Les portes s'ouvrirent et un couloir étroit plongé totalement dans l'obscurité se profilait tout en longueur devant moi. À voir la couche de poussière sur le sol et les toiles d'araignées qui tapissaient les murs comme du papier peint, il n'avait sûrement pas été emprunté pendant plusieurs Cycles. Mes premiers pas furent délicats. Je marchai avec prudence. Des petites lampes accrochées aux parois telles des sangsues sur la peau éclairaient timidement le couloir en une lumière violacée rendant l'atmosphère étrange et pesante. Si mes parents savaient où je me trouvais, ils m'auraient flanqué une sacrée rouste.

Je marchai dix bonnes minutes. De légers ruissellements se firent entendre comme si je suivais le cours d'un ruisseau.

Le couloir semblait interminable. Albert s'était-il moqué de moi ? Je sentis une nouvelle fois la peur m'envahir.

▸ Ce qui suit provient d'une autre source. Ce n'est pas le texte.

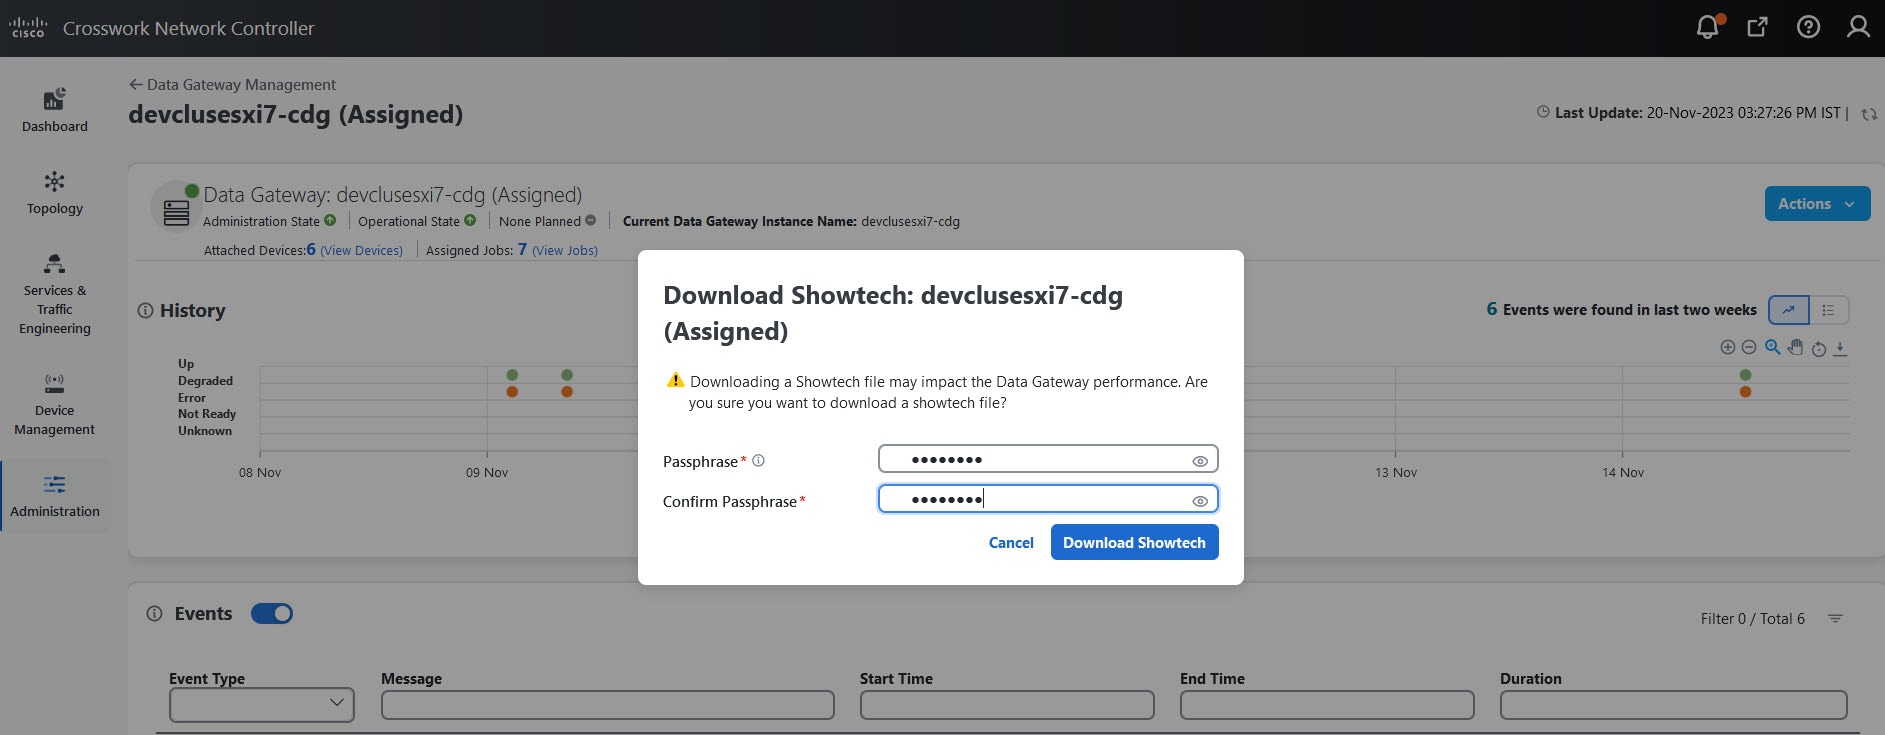 Download Showtech Popup Window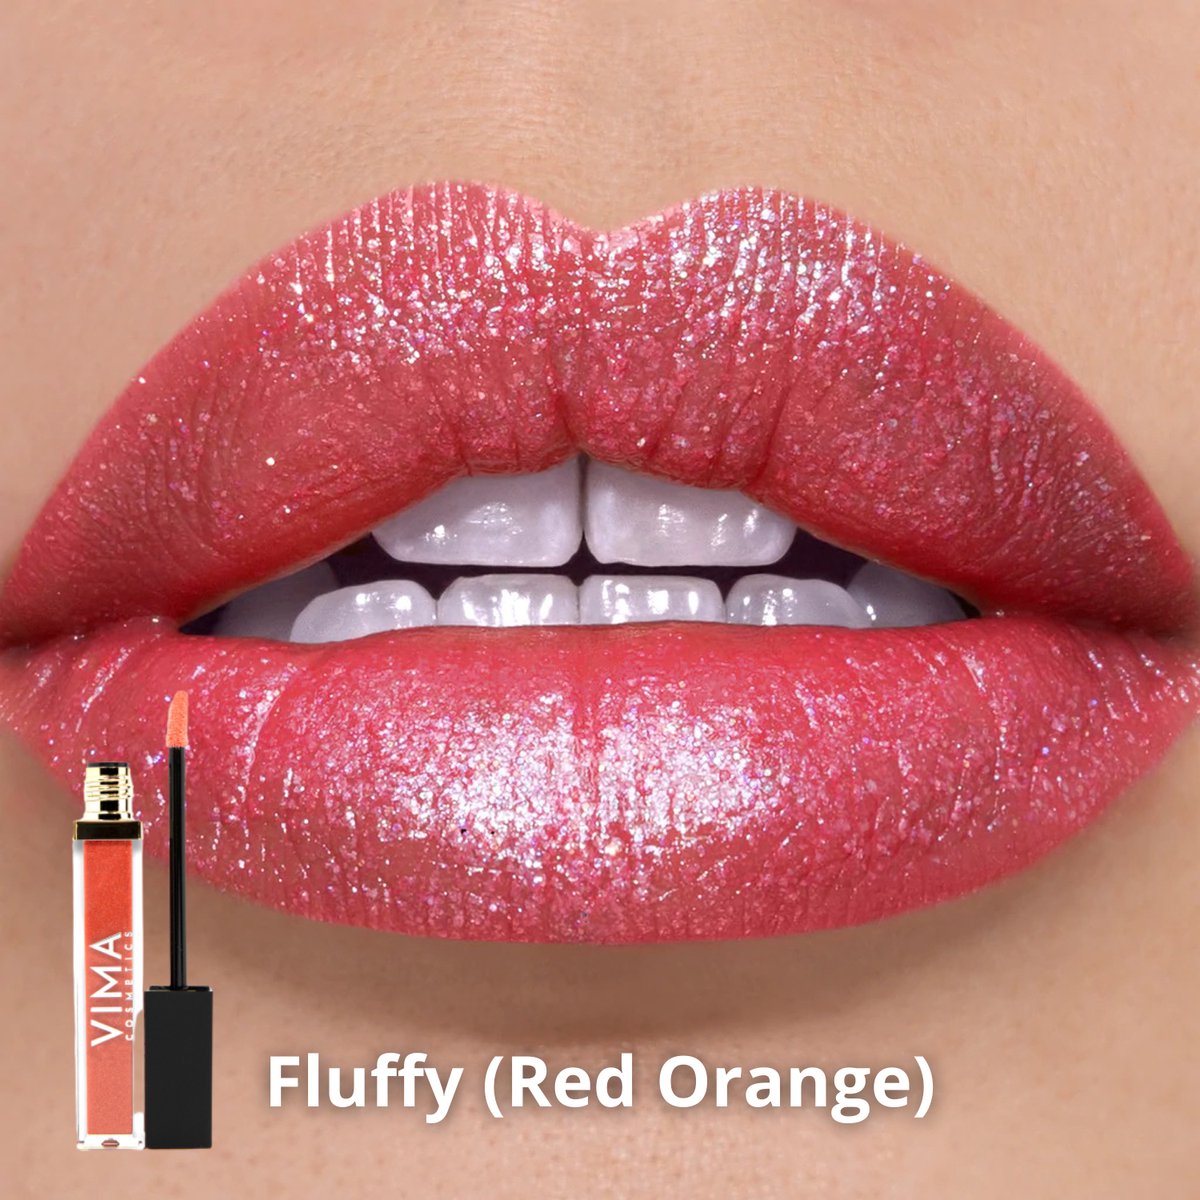 VIMA Lipgloss - Red Orange (Fluffy) - Hydraterend - Creamy - Volumegevende Lipgloss

Après une marche circonspecte, j'entrevis enfin une sombre lueur en forme de fente au bout du corridor. Mes oreilles ne cessaient de se boucher ; ça devait être la différence de pression entre la surface et le premier niveau qui se situait selon le Biggie à cent mètres en dessous du sol.

Des bruits, bien que feutrés, commencèrent à se faire entendre. Je j'avançai toujours avec la méfiance d'un animal battu.

J'évoluai maintenant dans une pâle noirceur, car les lanternes qui éclairaient auparavant le couloir étaient à cet endroit, détruites. C'était maintenant devenu le royaume de l'ombre. Je comprenais pourquoi beaucoup de Chandréens détestaient l'obscurité. On s'y sentait tellement en insécurité...

Les bruits devinrent plus tonitruants et claquants alors que les ruissellements dans les canalisations disparaissaient petit à petit pour laisser place à ce que je qualifierai de vacarme urbain. Je commençai à reconnaître le martèlement des pas des gens qui fourmillaient dans les rues d'Abîme.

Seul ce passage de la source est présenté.